Соткать такой плащ – значит охватить им прошлое, настоящее и будущее. Не случайно на письменном столе Михаила Придоновича лежит печать с изображением Януса, доставшаяся в наследство от немецкого дедушки. Воспоминания Михаила Придоновича охватывают не только девять с половиной десятилетий его жизни, но и семейные предания о прадедах. Перед нами разворачивается ткань событий, связывающая Россию, Иберию и Германию целого века.
Виртуозный художник-шрифтовик и орнаменталист, Михаил Придонович создает истинные арабески и в слове.

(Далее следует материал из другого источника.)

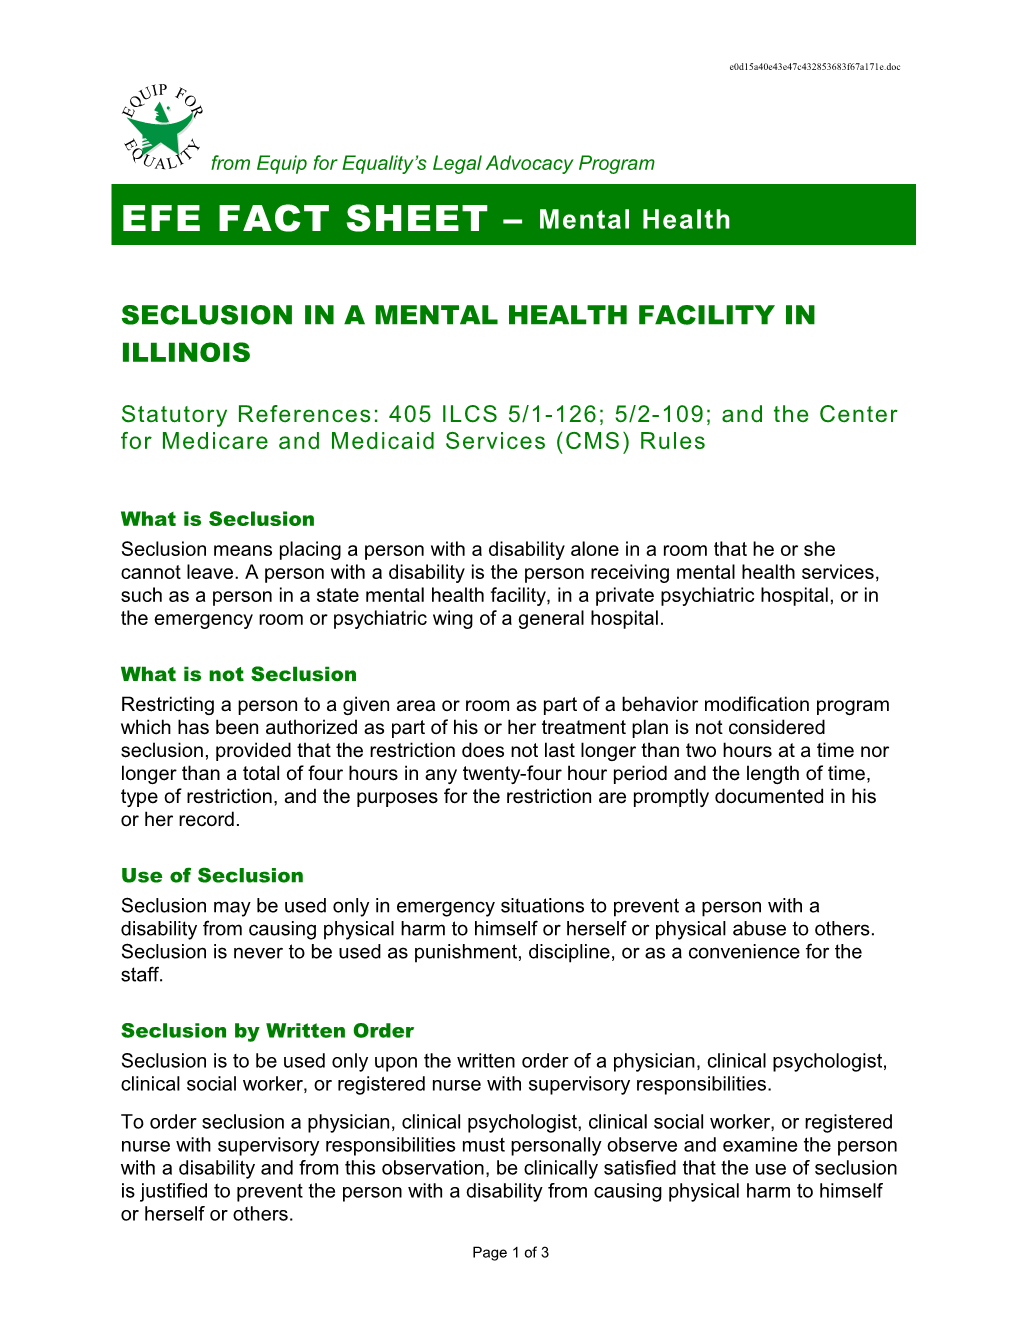 Fact Sheet Seclusion (Revised)

Это арабески живого воображения и живой памяти.
Основная повествовательная линия пересекается множеством дополнительных штрихов, на первый взгляд, усложняющих контур, но потом воспринимаемых как необходимые элементы общего замысла, общей цели – «душу рассказать».
У истоков этой личности – люди, исполненные благородства, мудрости и истинного достоинства. Мама, Ида Паулина Зейц, говорящая об уехавшем из Тбилиси в Москву отце: «Это твой папа. Иди к нему. Люби его». Спокойный и добрый «утата» Ерванд, «классная дама», любимая учительница словесности Екатерина Николаевна, учитель черчения Георгий Петрович.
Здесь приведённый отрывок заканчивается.